Date: Sat, 12 Sep 1998 21:57:25 GMT
Reply-To: Mike Hewitt <mmhewitt@FLASH.NET>
Sender: "SPSSX(r) Discussion" <SPSSX-L@UGA.CC.UGA.EDU>
From: Mike Hewitt <mmhewitt@FLASH.NET>
Organization: Flashnet Communications, http://www.flash.net
Subject: Re: z-scores
Thanks for your input. My intention was exactly that, to calculate
z-scores for each state and then put the info back together.
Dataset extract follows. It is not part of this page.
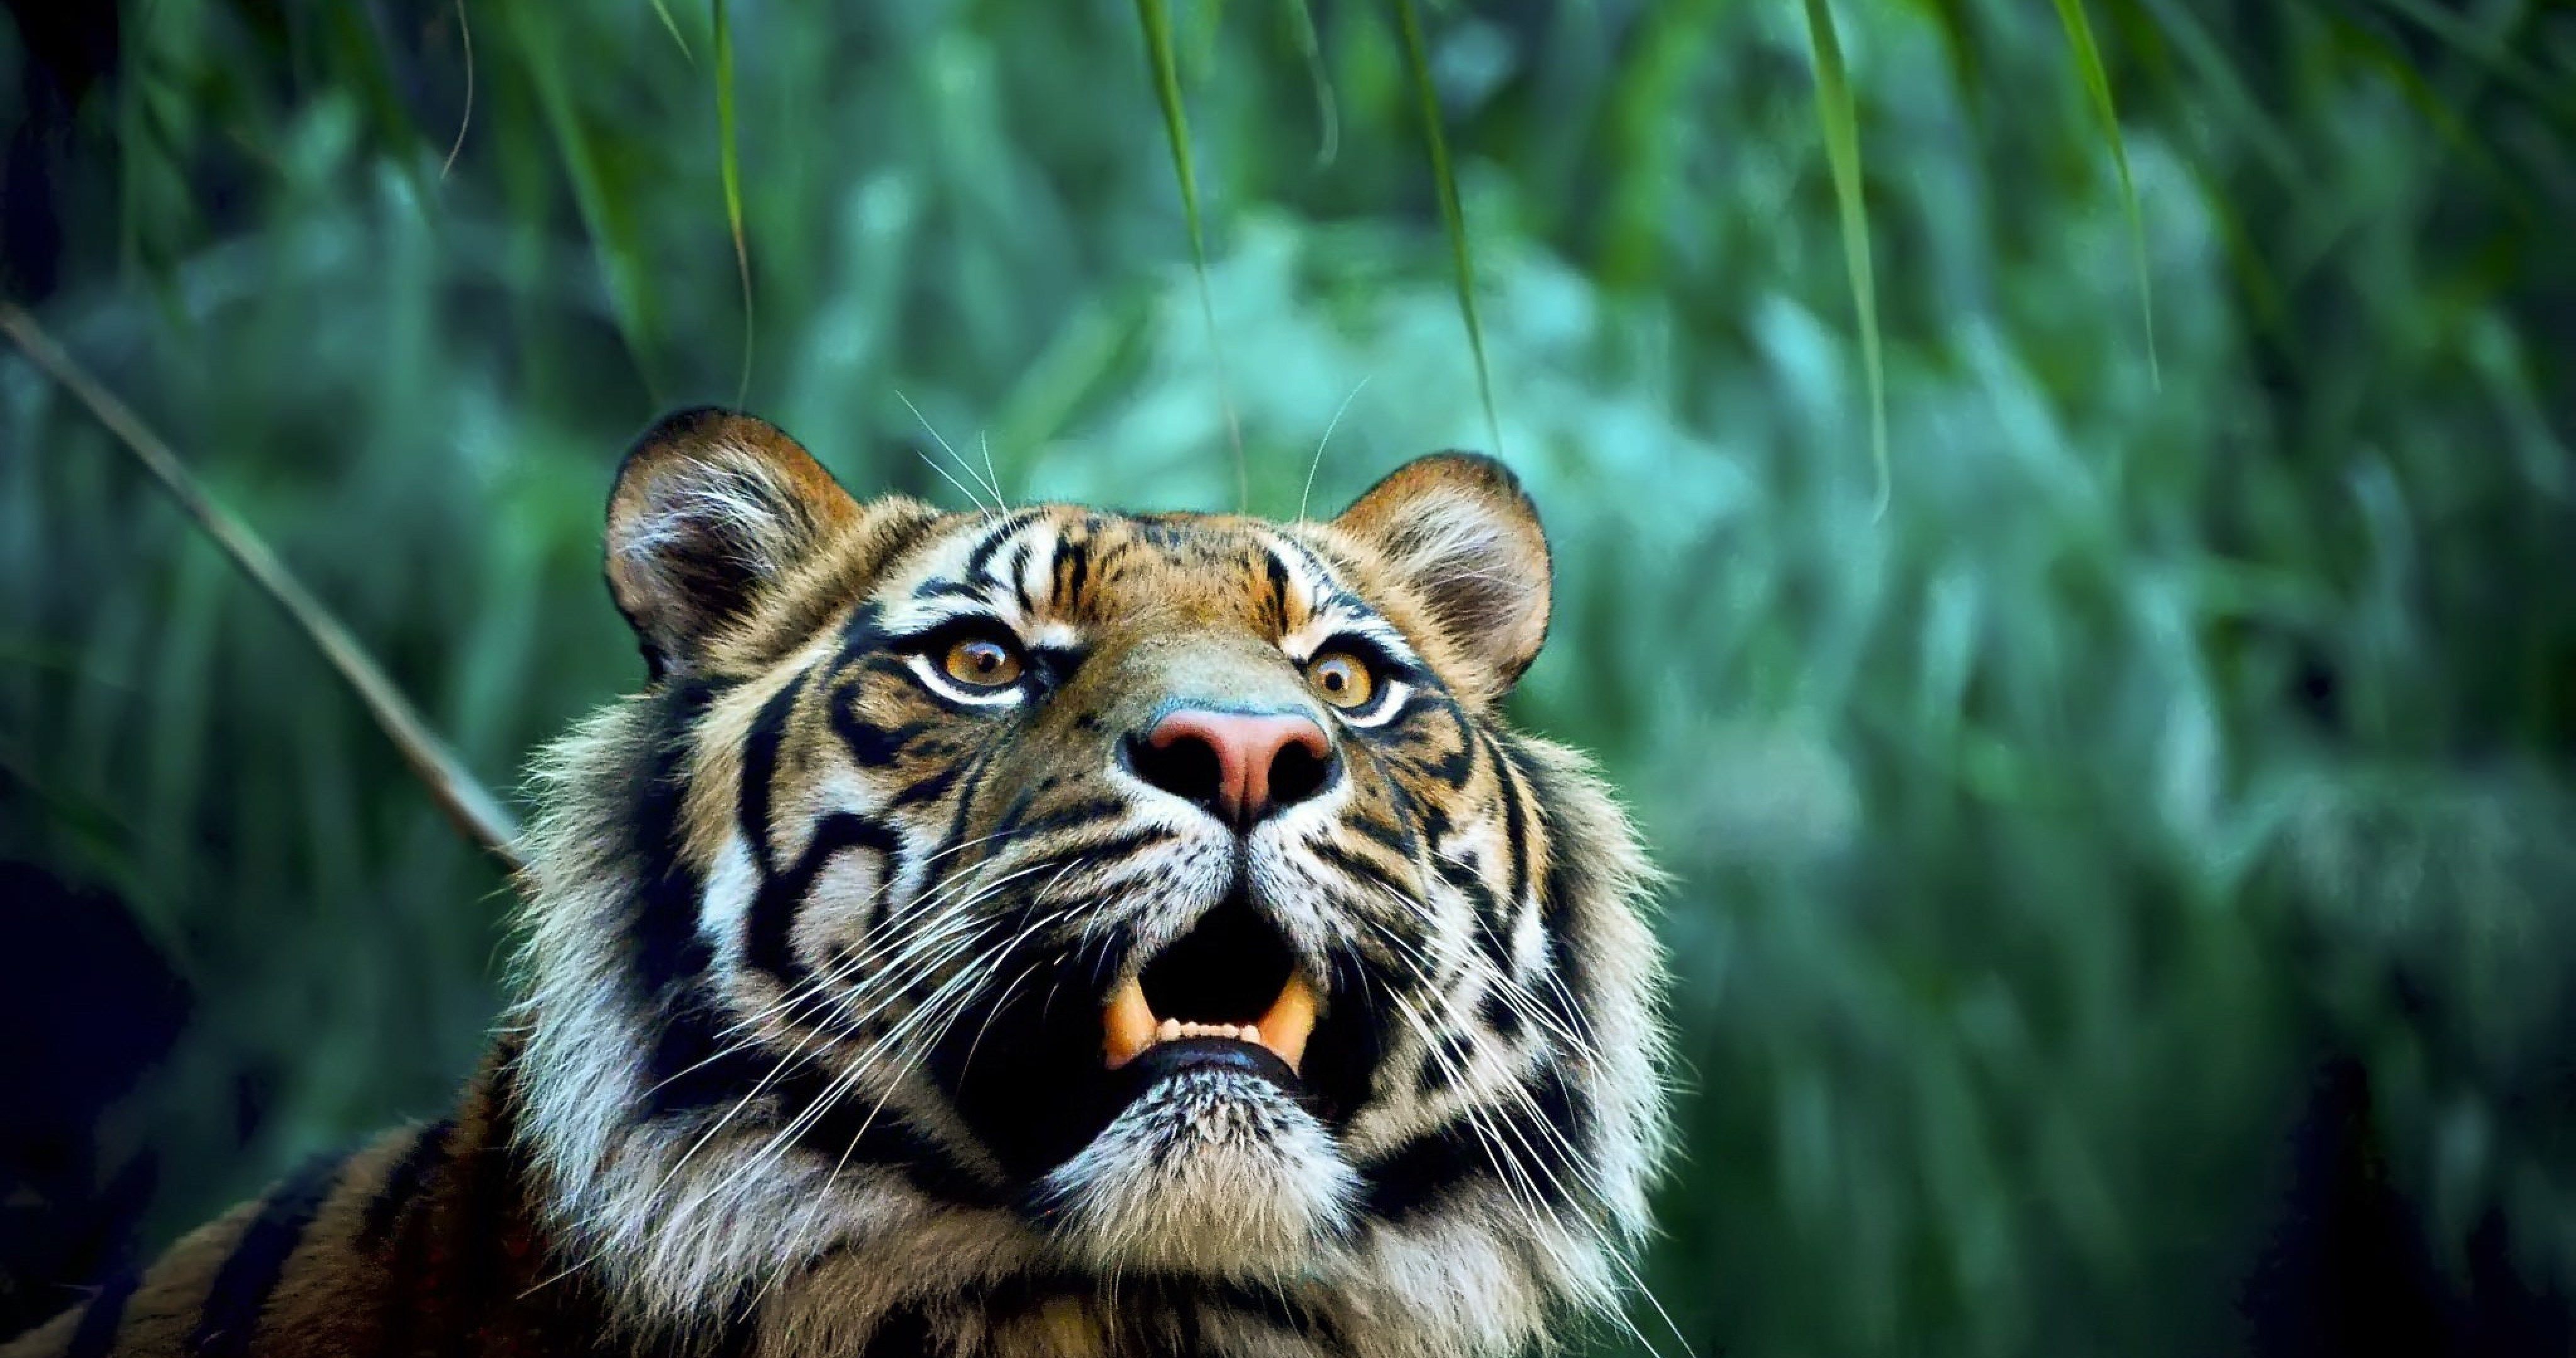 tigre tapete,tiger,tierwelt,landtier,bengalischer tiger,schnurrhaare
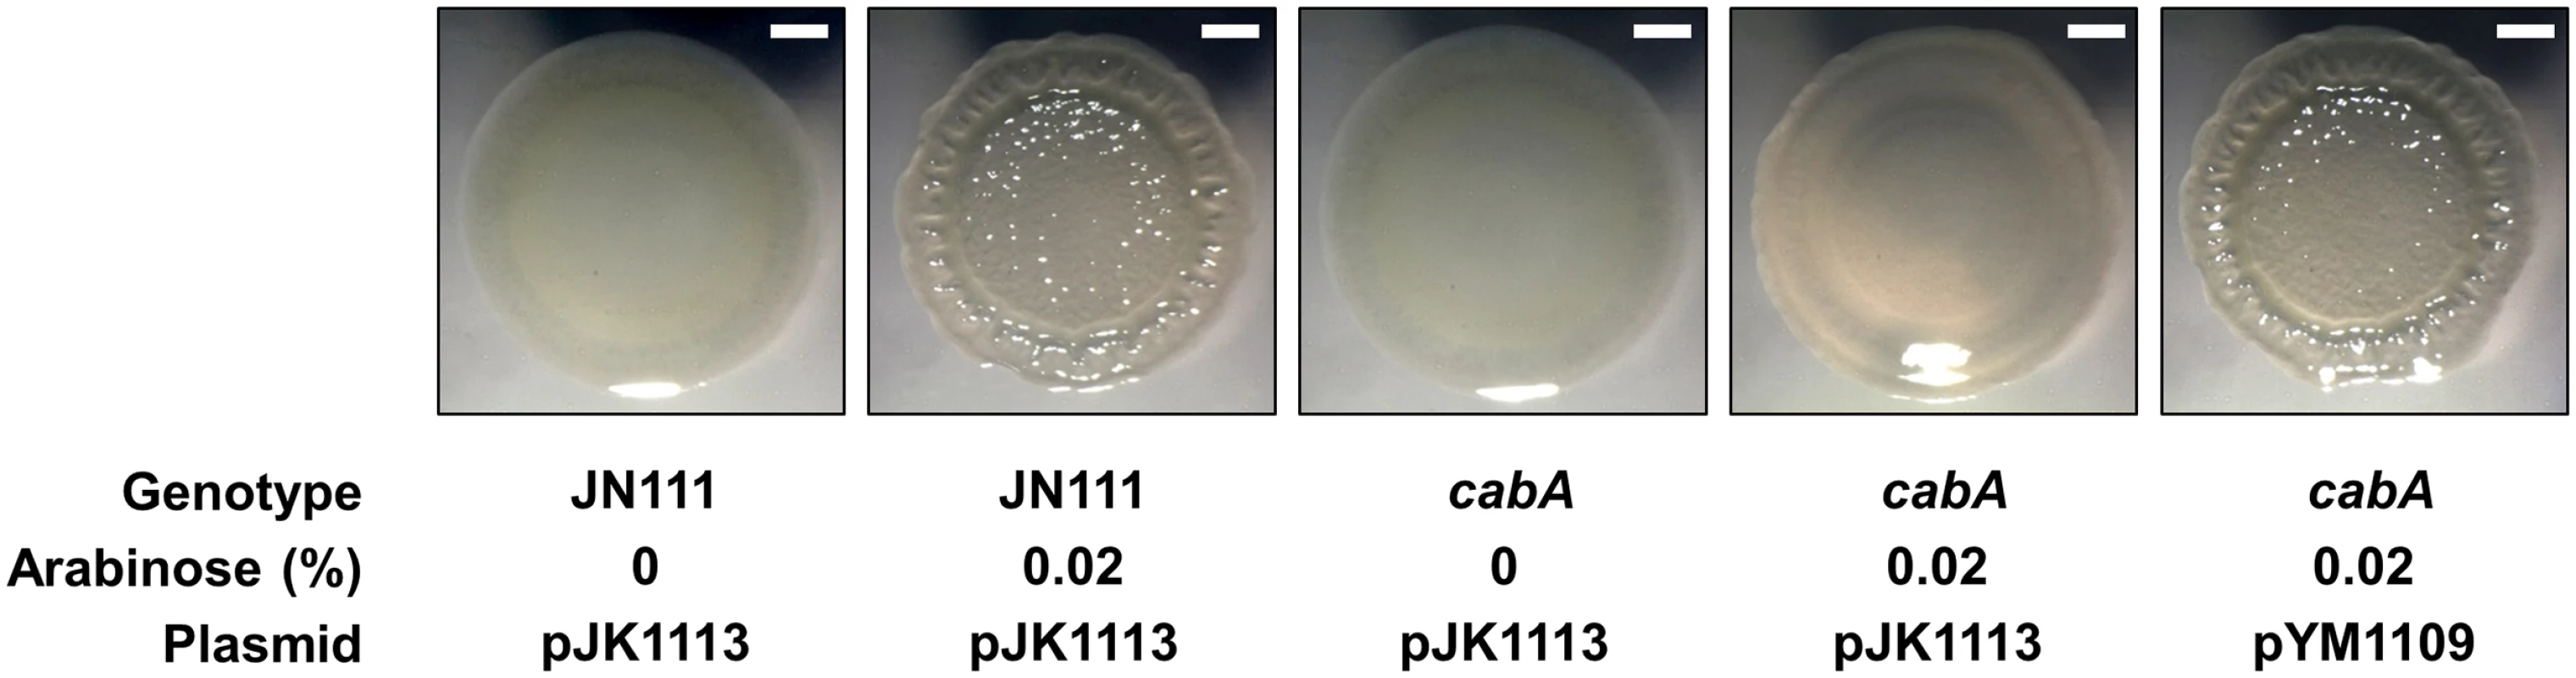 Effects of the <i>cabA</i> mutation on colony morphology.

Michael Mason <M.Mason@MCD.UNIMELB.EDU.AU> wrote in article
<199809121724.DAA28752@ariel.ucs.unimelb.EDU.AU>...
> From: Mike Mason
> Date: 09/13/98
>
> Tim and Mike: Surely transforming the scores into Z-scores within each
state
> (which is what I understand Mike to mean by 'z-scores for each state')
will
> be quite valid; since all the scores are on the same scale, it won't
really
> have any other effect than to set the mean to zero and the standard
> deviation to 1. The differences between states will remain. If one
> transformed them all into z-scores across the whole range of states, then
> the differences would be obliterated as Tim says. What perplexes me is
> that Mike finds the existence of the differences unexpected. Although
the
> states all score out of 100, is it possible that the same judges function
> across a whole state, and/or have different interpretations of the
scoring
> standards as a group, compared with other groups of state judges? (Pardon
> me, I'm in Australia, and don't have much idea about how marching bands
are
> judged.) Alternatively, as Tim suggests, even if the judging is all on
the
> same objective standard, some states where marching is a bigger thing and
> standards are high, could well have a legitimately higher state mean.